4

I've got a remote server my.server.com and I'd like to allow another user (stranger) to scp files onto the box.

Goals:

  • give as little access to the stranger user as possible
  • stranger should not be able to log in at all
  • if possible, arrange one-way copying - they should only be able to copy files onto the sever, not off

How can I accomplish this?

Edit: I've removed all the cross posts. This question only exists here. Please help!

Edit 2: I ended up settling for a normal scp transfer. Selected @Lambert's answer because it was the most complete. Thanks for all the help!

  • I've removed all the cross posts. This questions only exists here. Please help! – beane Jun 25 '15 at 19:33
  • You could set the login shell (using chsh, or by editing /etc/passwd) to /bin/true – Basile Starynkevitch Jun 25 '15 at 19:42
  • You can use file-permission, including the sticky bit. This will allow removal of users own files, only. (Not quite stop all together, but may be what you need.) – ctrl-alt-delor Jun 25 '15 at 20:10
3

If you want all setup all the limiting stuff you mention I would suggest to use ProFTPd.

Using the sftp_module you are able to only allow a secure session. See http://www.proftpd.org/docs/contrib/mod_sftp.html for details about the sftp functionality. Near the bottom of the page an example configuration is listed.

Using the DefaultRoot directive you can isolate the granted user into his/her own directory

Using the <LIMIT> structure you are able to limit the FTP commands you want to allow, i.e. READ so the user can not retrieve files. See http://www.proftpd.org/docs/howto/Limit.html for details.

When you setup the sftp configuration in ProFTPd you probably want to have it to listen on another port than ssh, for example 2222. Configure your firewall and/or router to allow traffic coming from stranger to the port you choose for ProFTPd. Another possibility is to run ProFTPd's sftp module on port 22 and reconfigure ssh to listen on another port.

A sample configuration can look like:

<IfModule mod_sftp.c>
  <VirtualHost a.b.c.d>
    # The SFTP configuration
    Port 2222

    SFTPEngine on
    SFTPLog /var/log/proftpd_sftp.log

    # Configure the RSA, DSA, and ECDSA host keys, using the same host key
    # files that OpenSSH uses. 
    SFTPHostKey /etc/ssh_host_rsa_key
    SFTPHostKey /etc/ssh_host_dsa_key
    SFTPHostKey /etc/ssh_host_ecdsa_key

    <Limit READ>
      DenyAll
    </Limit>

    DefaultRoot ~ users,!staff

  </VirtualHost>
</IfModule>

Note: This is not a complete configuration of ProFTPd, you should review and modify the ProFTPd default configuration to have it fits your need.
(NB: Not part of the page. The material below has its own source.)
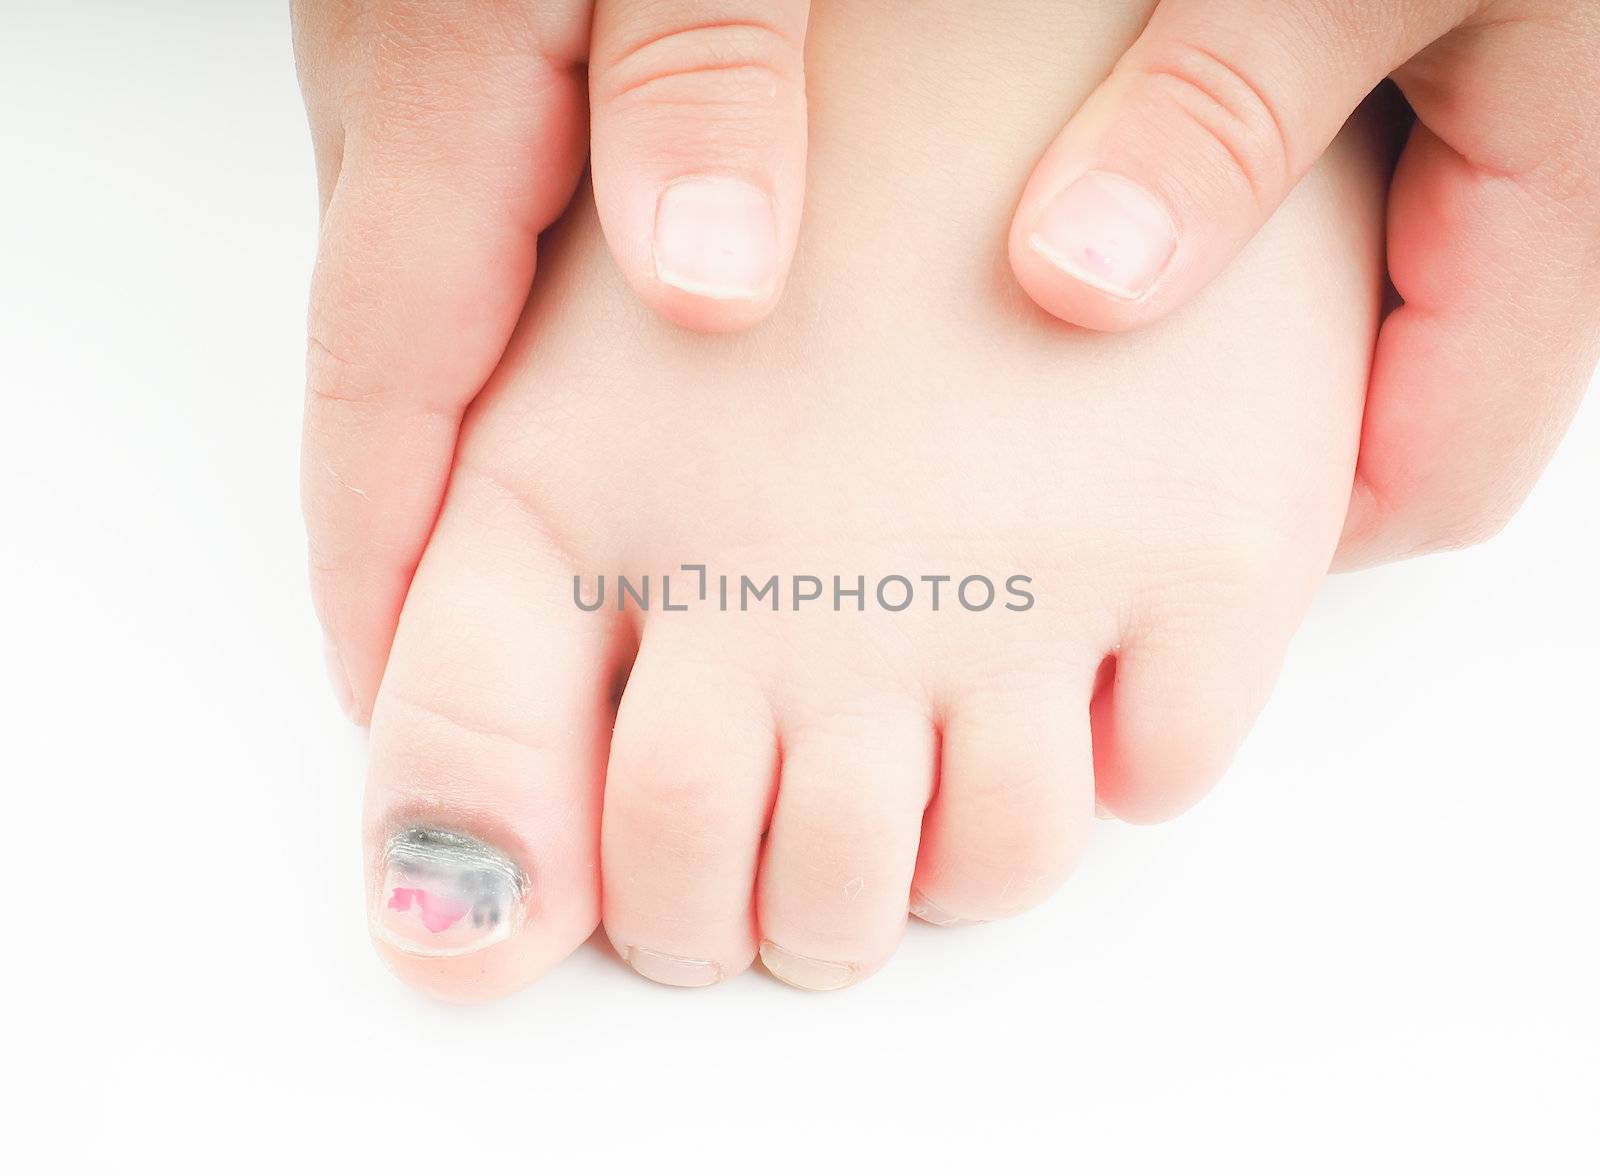 Little girl holding onto  her foot with an injured big toe, showing blue nail on the hallux, with a tiny bit of pink pedicure left

There is another possibility to just use OpenSSH for this:

Create the user stranger and set a password for the user:

useradd -m -d /home/stranger -s /bin/true stranger
passwd stranger

Edit the file /etc/ssh/sshd_config and check if the following line exists, add it if it does not exists:

Subsystem       sftp    internal-sftp

Next add a Match block at the bottom of /etc/ssh/sshd_config:

Match User stranger
    ChrootDirectory  %h
    ForceCommand  internal-sftp -P read,remove
    AllowTcpForwarding no

Note: the user will be able to overwrite an existing file.

Restart the sshd daemon.

Set the owner of the directory /home/stranger to root:

chown root:stranger /home/stranger

Note: root must be the owner and may be the only one to have write permission if ChrootDirectory is used. An alternative might be to add -d %u to the ForceCommand internal-sftp line and set ChrootDirectory /home but a user will be able to cd / and see other usernames with ls

Create an upload directory for the user:

mkdir /home/stranger/upload; chown stranger:stranger /home/stranger/upload

Now you can logon as user stranger using:

sftp stranger@somehost

When you upload a file it should be ok:

sftp> put myfile
Uploading myfile to /upload/myfile
myfile                               100%   17     0.0KB/s   00:00    
sftp> get myfile
Fetching /upload/myfile to myfile
/upload/myfile                         0%    0     0.0KB/s   --:-- ETA
Couldn't read from remote file "/upload/myfile" : Permission denied
  • Thanks! Can you or @user 567 recommend any good tutorials on ftp access without any non-standard tools? I'd prefer to avoid installing anything extra if I don't have to. – beane Jun 25 '15 at 20:00
  • ProFTPd is pretty standard to setup a secure (s)FTP server. Which standard tools are you thinking of? – Lambert Jun 25 '15 at 20:07
  • Ideally I'd like to use something installed by default on my machine. I know next to nothing about ftp, but my guess is that I could do the same thing with sftp. Is that right? – beane Jun 25 '15 at 20:10
  • I managed to work something out with just OpenSSH, see my updated answer. – Lambert Jun 25 '15 at 22:07
  • This looks really promising - thank you, @Lambert! I'll check this out as soon as I have a chance. – beane Jun 26 '15 at 2:33
1

Personally, if the goal is to just allow the copying of files to the server, I would go the route of sftp instead of scp. scp presumes ssh access and if there is no need to provide shell access, better not to try and lock it down for just file transfers.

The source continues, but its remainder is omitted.